Strategic Implications for IP and R&D Teams
The patterns in this dataset carry concrete strategic implications for IP counsel, R&D leaders, and product strategists working in or adjacent to factory data visualization and monitoring technology.
Invest in enterprise-scale observability architectures. The ABB 2025 filings signal that the competitive frontier is moving from single-plant dashboards to federated multi-DCS visualization. R&D teams should evaluate distributed observer-aggregator patterns as a platform differentiator, particularly for multi-site industrial customers. This architecture is not yet crowded in the dataset — representing a near-term filing opportunity for organizations with the relevant DCS integration capabilities.
Digital twin integration is becoming a filing prerequisite, not a premium feature. In this dataset, newer filings from Siemens (2026) and Strong Force IoT Portfolio 2016, LLC (2022) embed digital twin data directly into monitoring dashboards. IP strategists entering this space without a digital twin data integration strategy face growing whitespace exposure.
Graph-based and AI-augmented visualization is an uncrowded but fast-moving zone. Only Siemens (WO, 2023) and isolated Chinese filers have claimed graph neural network-based production process monitoring. This represents a near-term filing opportunity for organizations with production ontology or knowledge graph capabilities. The velocity of CN filings in this sub-zone suggests the window for first-mover IP positions is narrowing.
“Visualization-maintenance integration is the dominant application thrust — the highest-volume intersection in both patent and literature results is predictive maintenance analytics delivered through visual dashboards.”
China’s filing volume and diversity are expanding rapidly. Among retrieved CN filings, at least seven distinct assignees filed in 2022–2026, spanning IoT device management, 3D visualization processing, AI-enhanced monitoring, and safety situational awareness. Multinational IP strategies must address CN filing activity to protect freedom-to-operate in China’s domestic manufacturing market. The China National Intellectual Property Administration (CNIPA) has seen sustained growth in industrial automation patent applications from domestic filers, a trend confirmed by this dataset.
Visualization-maintenance integration is the dominant application thrust. Across both patent and literature results, the highest-volume intersection is predictive maintenance analytics delivered through visual dashboards. Product developers should structure their platform roadmaps around this convergence point — particularly incorporating anomaly detection visualization, health prognostics displays, and maintenance workflow integration — as this is where customer ROI is most clearly articulated in the dataset.

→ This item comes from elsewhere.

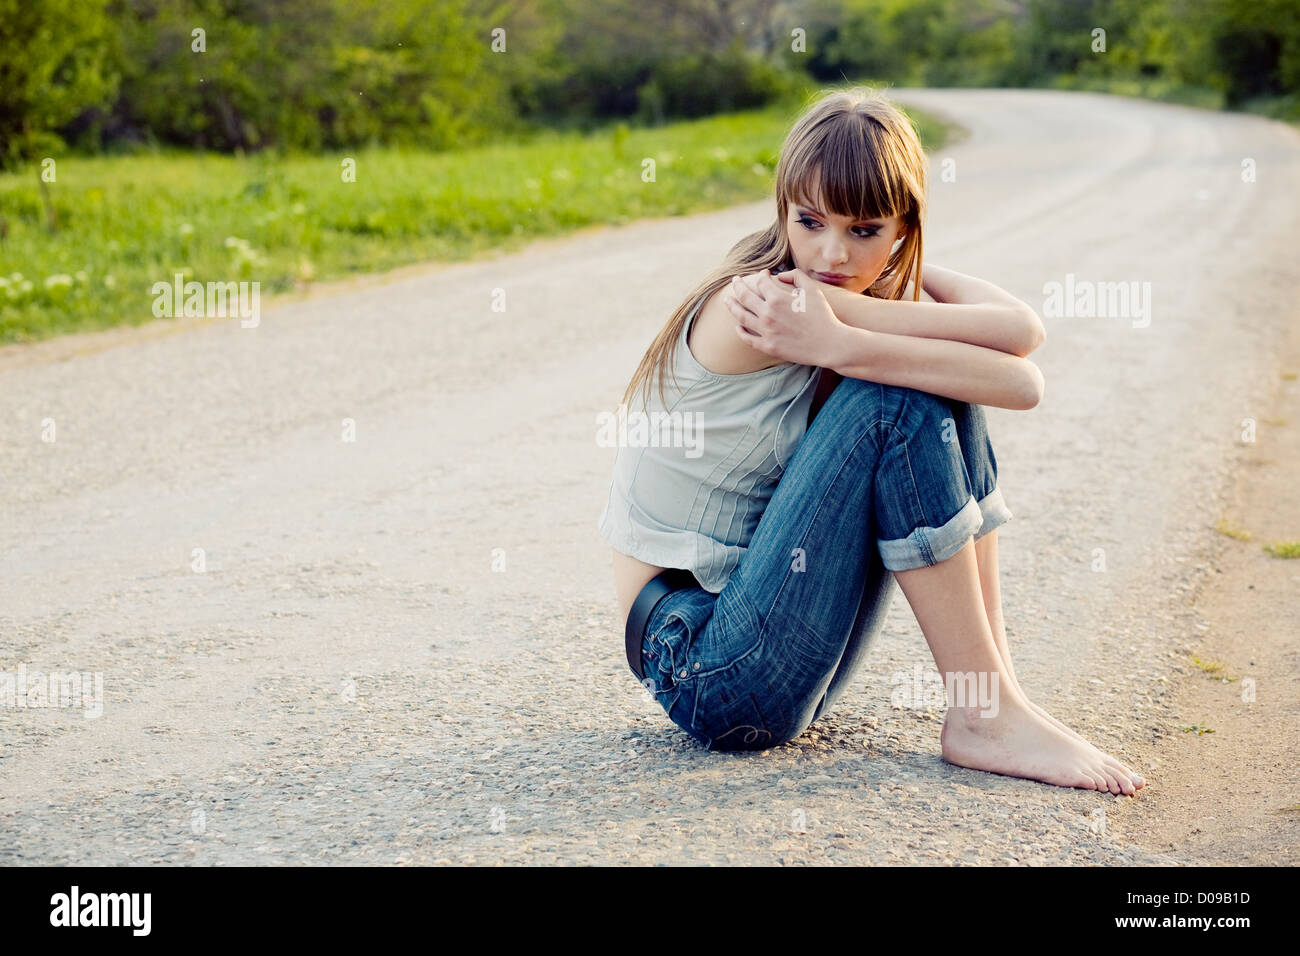 Sad girl sitting down on road Stock Photo - Alamy

Across patent and literature results in the factory data visualization and monitoring dataset analyzed for 2026, the highest-volume intersection is predictive maintenance analytics delivered through visual dashboards. Graph neural network-based production process monitoring has been claimed by only Siemens (WO, 2023) and isolated Chinese filers, representing a near-term filing opportunity for organizations with production ontology or knowledge graph capabilities.